Beatriz Borges, Niket Tandon, Tanja Käser, Antoine Bosselut


Abstract
Natural Language Feedback (NLF) is an increasingly popular mechanism for aligning Large Language Models (LLMs) to human preferences. Despite the diversity of the information it can convey, NLF methods are often hand-designed and arbitrary, with little systematic grounding. At the same time, research in learning sciences has long established several effective feedback models. In this opinion piece, we compile ideas from pedagogy to introduce FELT, a feedback framework for LLMs that outlines various characteristics of the feedback space, and a feedback content taxonomy based on these variables, providing a general mapping of the feedback space.
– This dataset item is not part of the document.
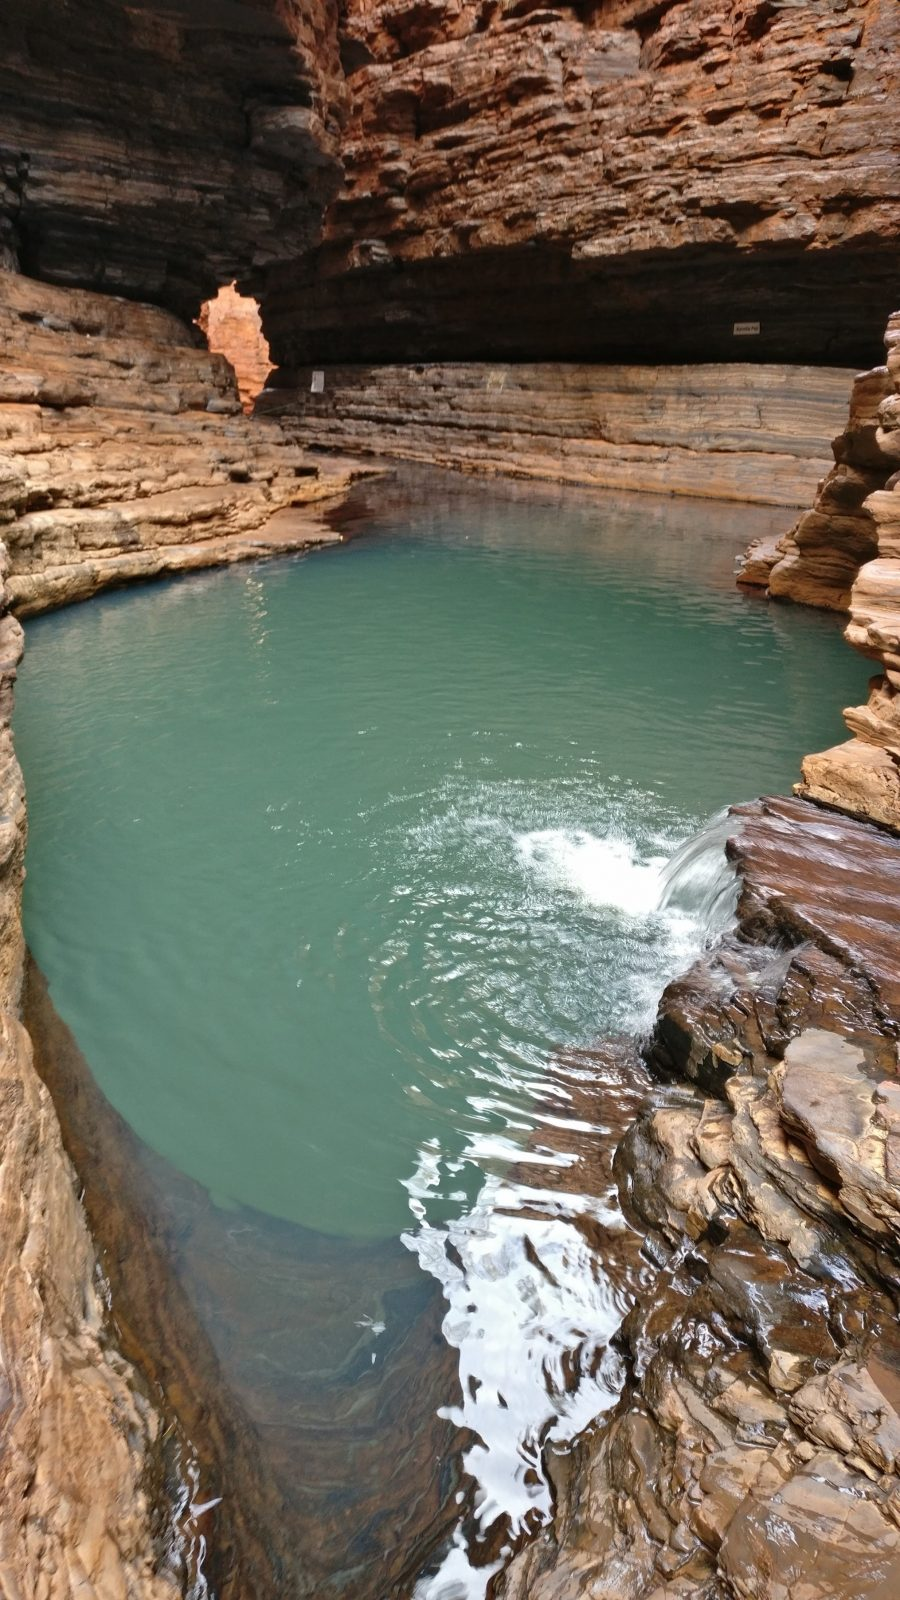 Kermits Pool Hancock Gorge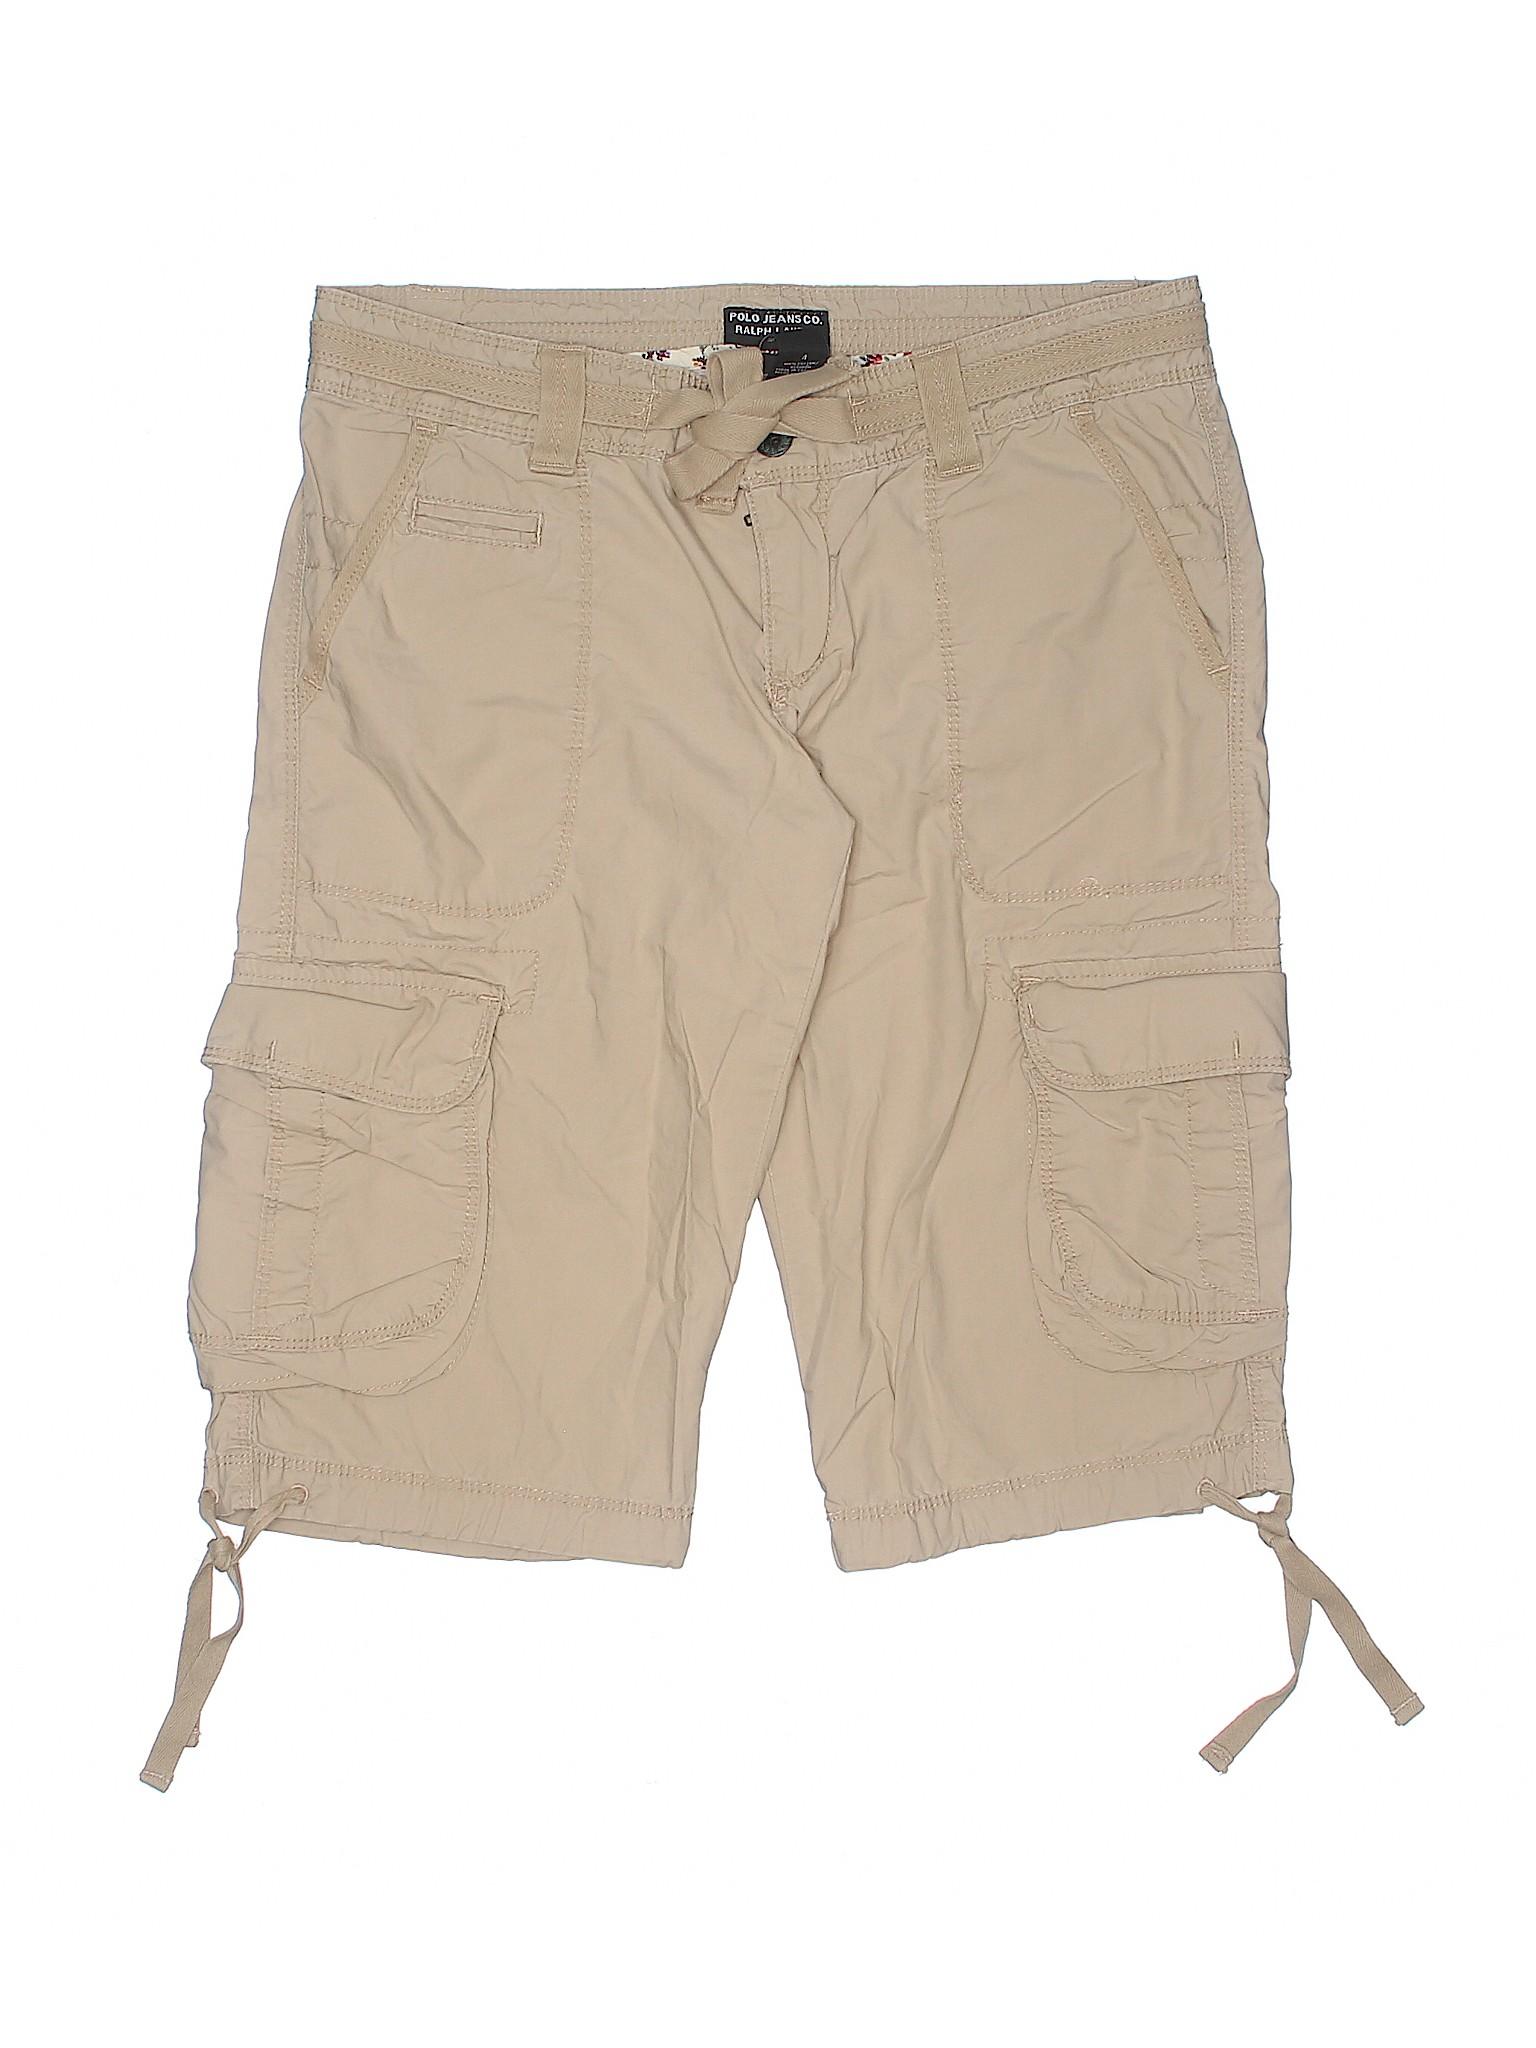 by Lauren Boutique Polo Co Jeans Shorts Cargo Ralph winter wnaYqarI

In addition to streamlining NLF designs, FELT also brings out new, unexplored directions for research in NLF. We make our taxonomy available to the community, providing guides and examples for mapping our categorizations to future research.
Anthology ID:
2024.emnlp-main.674
Volume:
Proceedings of the 2024 Conference on Empirical Methods in Natural Language Processing
Month:
November
Year:
2024
Address:
Miami, Florida, USA
Editors:
Yaser Al-Onaizan, Mohit Bansal, Yun-Nung Chen
Venue:
EMNLP
SIG:
Publisher:
Association for Computational Linguistics
Note:
Pages:
12082–12104
Language:
URL:
https://aclanthology.org/2024.emnlp-main.674
DOI:
10.18653/v1/2024.emnlp-main.674
Bibkey:
Cite (ACL):
Beatriz Borges, Niket Tandon, Tanja Käser, and Antoine Bosselut. 2024. Let Me Teach You: Pedagogical Foundations of Feedback for Language Models. In Proceedings of the 2024 Conference on Empirical Methods in Natural Language Processing, pages 12082–12104, Miami, Florida, USA. Association for Computational Linguistics.
Cite (Informal):
Let Me Teach You: Pedagogical Foundations of Feedback for Language Models (Borges et al., EMNLP 2024)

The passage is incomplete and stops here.